We have demonstrated that soluble form of ephrin‐A1 would be a good therapeutic target and biomarker for metastasis. In our study, soluble form of ephrin‐A1 was increased in serum of tumor‐bearing mouse compared to that of healthy mice46 and also in HCC patients.69 Furthermore, partial ephrin‐A1 peptides were found in human urine derived from kidney disease patients,70 and we found that immuno‐reactive bands around 25 kDa by using anti‐ephrin‐A1 antibody by western blotting. The size of immuno‐reactive bands were almost same as that of membrane‐anchored ephrin‐A1 and commercially available recombinant ephrin‐A1 (19aa‐182aa) (unpublished data). Therefore, we suppose that the immuno‐reactive urinary ephrin‐A1 is nearly intact. Urinalysis is the best investigation method because it is much less harmful and expensive compared to others such as biopsy for cancer patients.
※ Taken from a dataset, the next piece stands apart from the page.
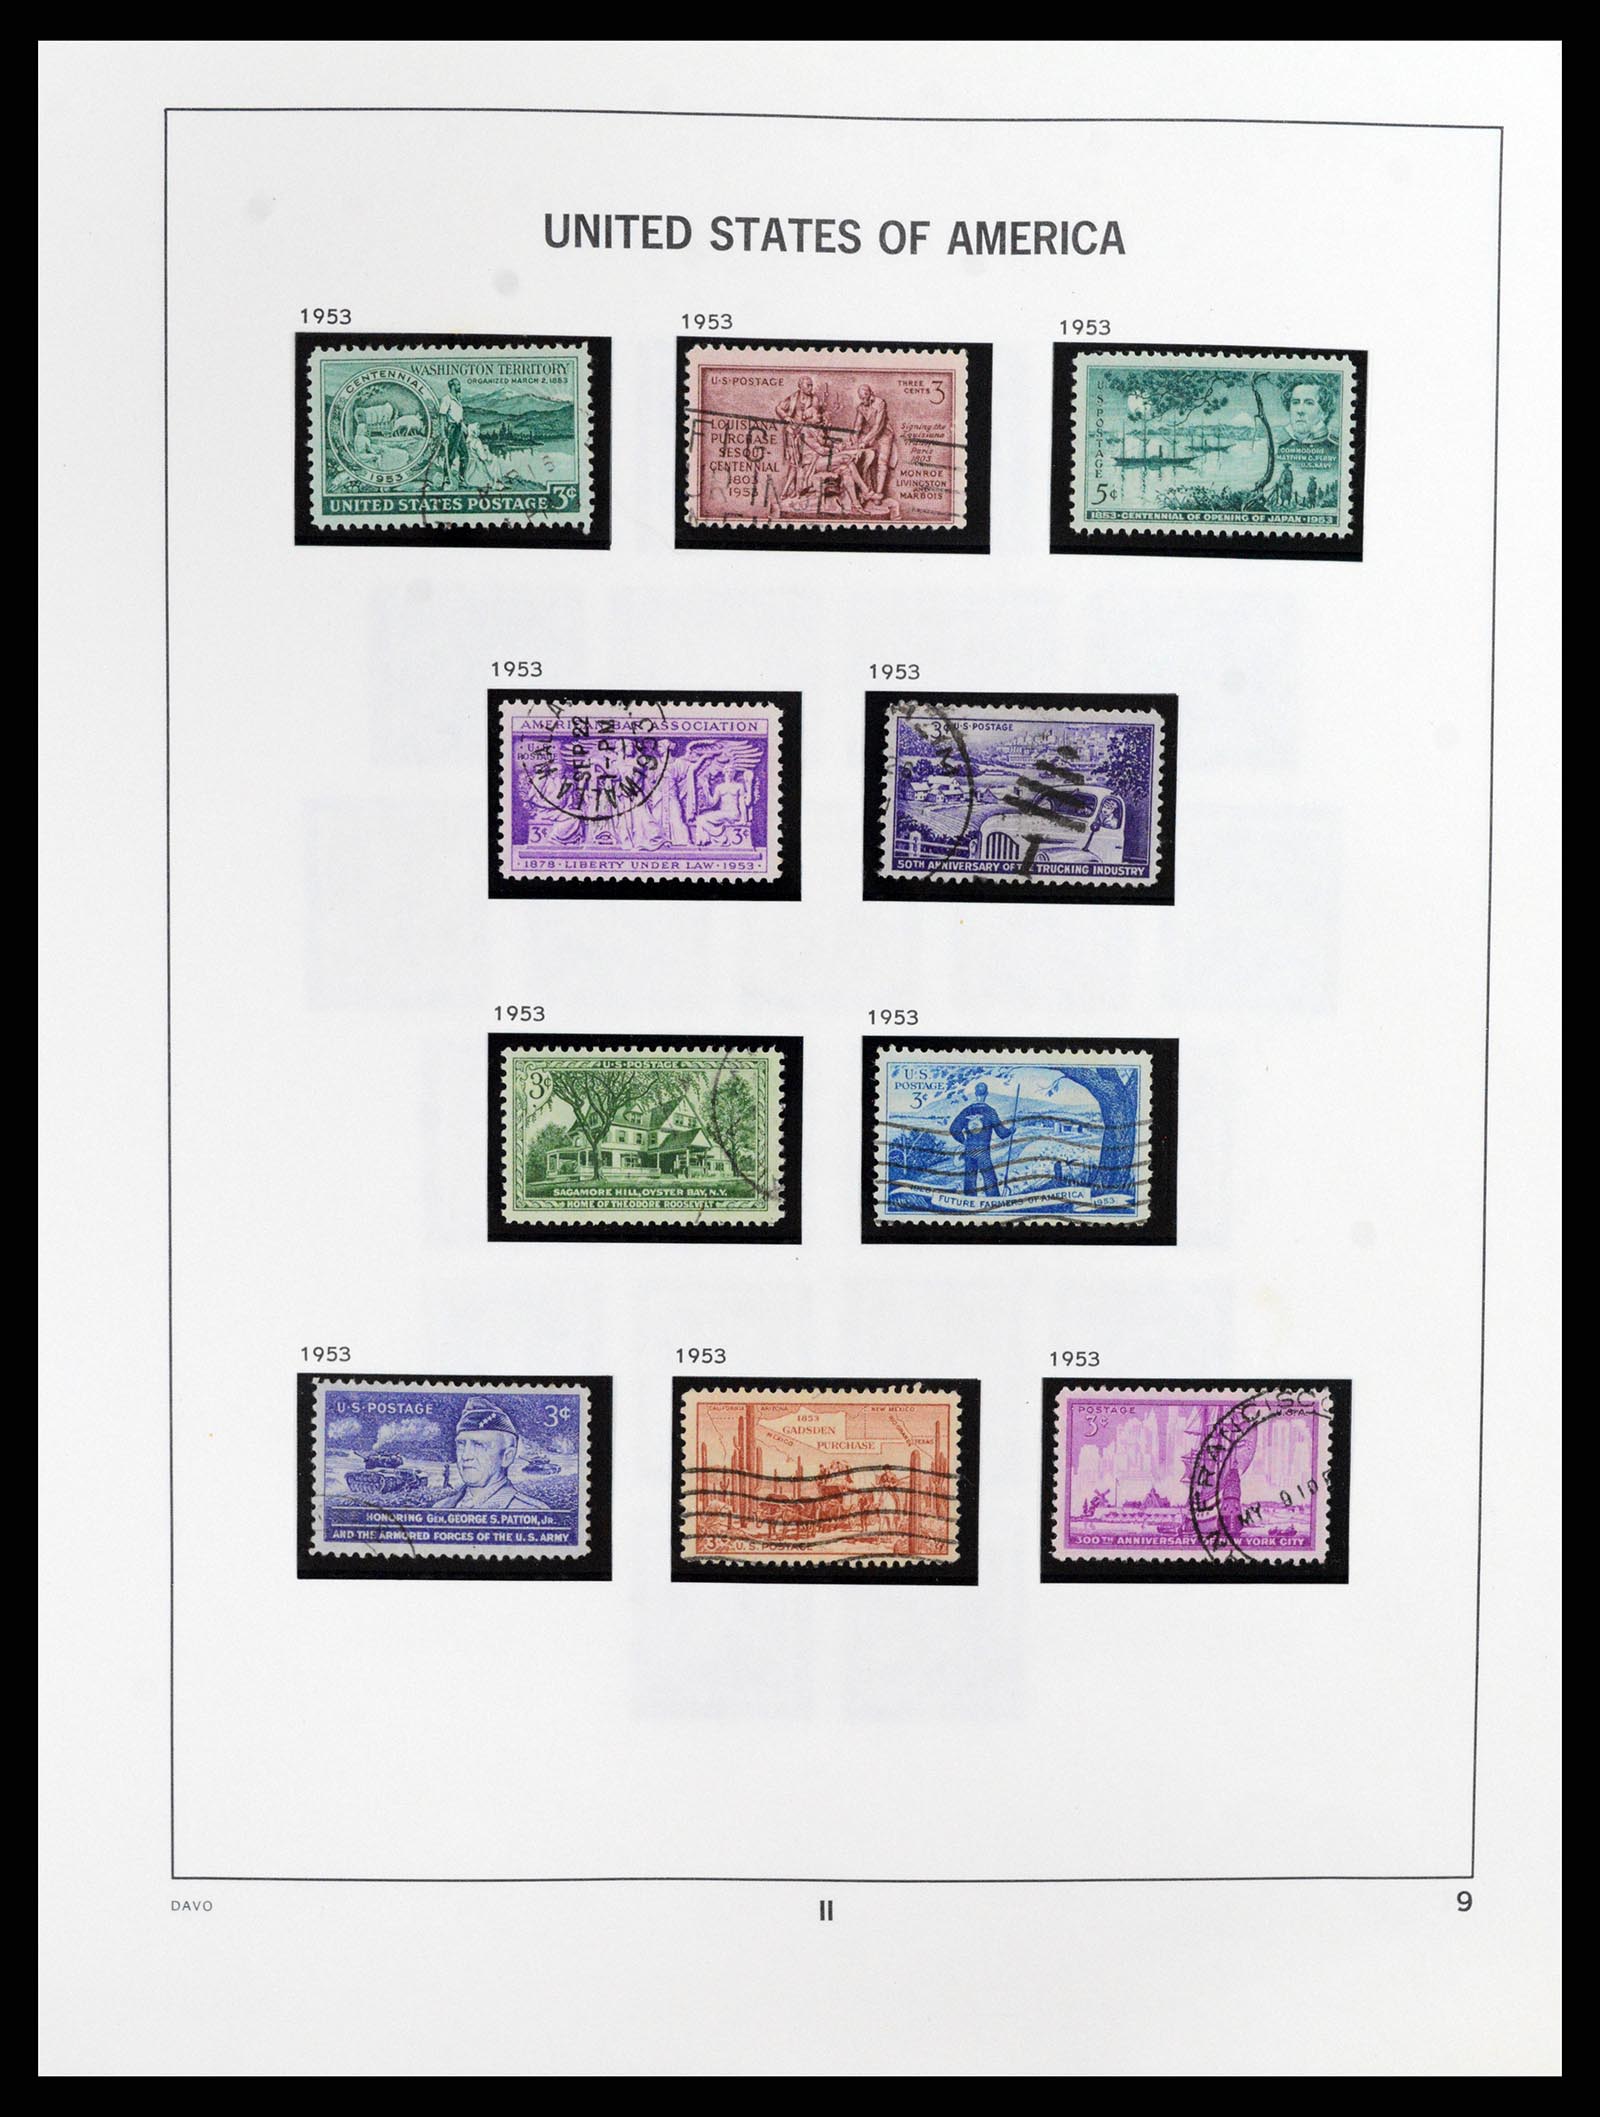 37357 009 - Stamp collection 37357 USA 1945-2009.

Accordingly, urinary ephrin‐A1 would be a good biomarker for some diseases such as cancer and kidney diseases. We need further investigations to use urinary ephrin‐A1 as a biomarker and/or a therapeutic target.

Lastly, we underline basic research in this system. It was reported that C‐C motif chemokine ligand 2 (CCL2, also known to MCP1) is up‐regulated by ephrin‐A1 stimulation in endothelial cells.71 An enhanced expression was observed in hyper‐permeable regions in tumor‐bearing mouse lungs compared to non‐permeable regions. The CCR2/CCL2 axis promoted S100A8/A9 expression leading to up‐regulation of SAA3 mediated by TLR4.72 S100A8/A9 up‐regulated by the CCR2/CCL2 axis induces ephrin‐A1 and SAA3 expression, and then ephrin‐A1 enhanced CCL2 expression. Collectively, the paracrine system by the ephrin‐A1‐CCL2‐S100A8/A9 axis may exist in endothelial cells in the hyper‐permeable regions in tumor‐bearing mouse lungs, and the paracrine system may increase each protein expression levels and establish fertile soil in the pre‐metastatic lungs (Figure 4). An inhibition of the paracrine loop would be a good approach to inhibit lung metastasis.

Figure 4

A proposed paracrine loop to establish pre‐metastatic microenvironment in lungs. Ephrin‐A1 expression is enhanced by the TLR4/S100A8 axis. ADAM12 is up‐regulated by inflammatory cytokines such as TNFα and TGF‐β1. Cleaved ephrin‐A1 enters into blood stream and stimulates lung vascular endothelial cells leading to an elevation of CCL2 secretion. The CCR2/CCL2 axis contributes to an increase of SAA3 and S100A8/S100A9 expression. The paracrine loop increases permeability factors enclosed by red box, and then tumor metastasis are facilitated in the lungs. Up‐regulated S100A8/A9 expression in endothelial cells and leukocytes may increase ephrin‐A1 expression mediated by TLR4 and/or EMMPRIN in primary tumors

CONFLICT OF INTEREST

The authors have no conflict of interest.